November 27th, 2005 at 10:55 pm
Here’s the The Open Rights Group apeal on P2PNet – http://p2pnet.net/story/7088
November 28th, 2005 at 12:45 am
“Telcos and ISPs must retain fixed and mobile traffic data, including location data and internet log-in log-off, for 6-12 months.”
How much will this bumb up the price of broadband monthly rental costs? Thats a hell of a lot of data.
We all know realistically this is not going to prevent terrorism. Use of proxies, encryption and other tools will make this data useless. I fear this will be used to keep control of the general public who don’t make use of such tools.

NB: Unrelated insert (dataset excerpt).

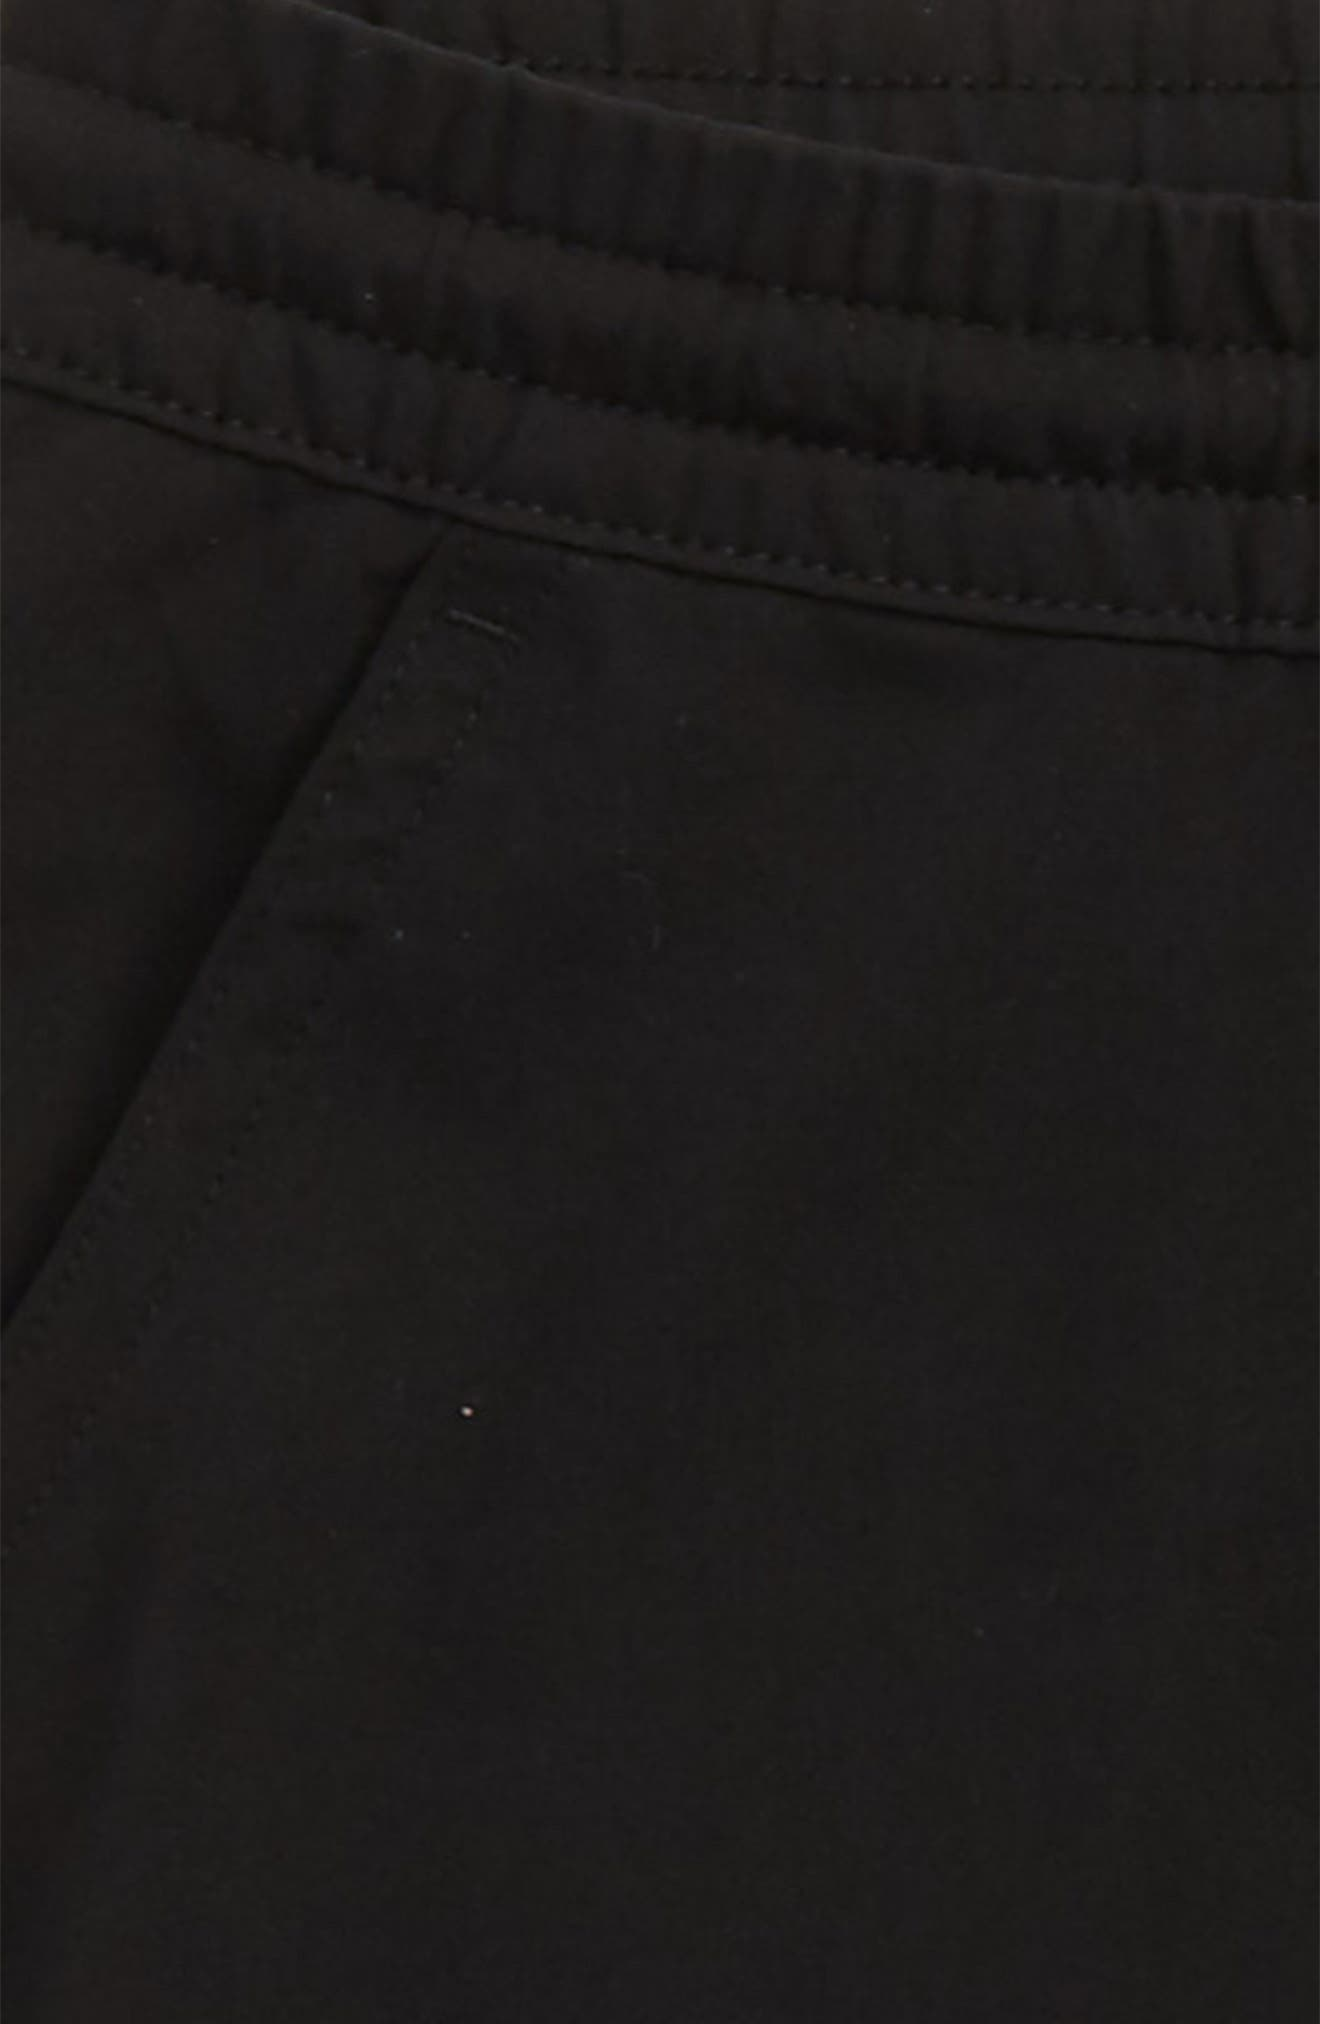 Elliot Woven Jogger Pants,                             Alternate thumbnail 2, color,                             Black

November 28th, 2005 at 10:39 am
For the past 2 weeks the big hadline story in the local press is what happened in the Puerto Rico legislature. In steps this is the story:
1. The legislature get funds from American Homeland Security Department to install video cameras throughout the legislature building for allegedly security purposes.
2. A Senator is captured on video saying goodby to a lady in the parking lot with a kiss in the cheek. The legislator belongs to a faction of the statehood party that supports the president of the senate.
3. Legislators from another faction of the statehood party that wants to have the president of the senate removed and control the security department (and their videos) in the legislature, in a press conference say they have seen the video and in the video the Senator is shown to be sexually attacking a women. This other faction wants a former governor of Puerto Rico to be president of the Senate. A contracted advisor to the former governor was the person who allegedly obtained the “sexual attack” video and started the whole thing.
4. Because Homeland Security funds were used for acquire the video equipment, the FBI is now involved after a complaint has been filed by the director of security at the legislature. She claims that she was pressured by a political leader to cover up what had hapenned.
5. A Senate comission has been set up to investigate the use of the videos for political and defamation purpose by well known political figures and their employees. No video showing showing a sexual attack has been found. The director of security has testified that she was pressured by a political leader to cover up what had hapenned.
The meaning of the story: No one can be trusted to handle collected data (or videos) of the people. It can be used to blackmail the people by unscrupulous individuals, even elected politicians.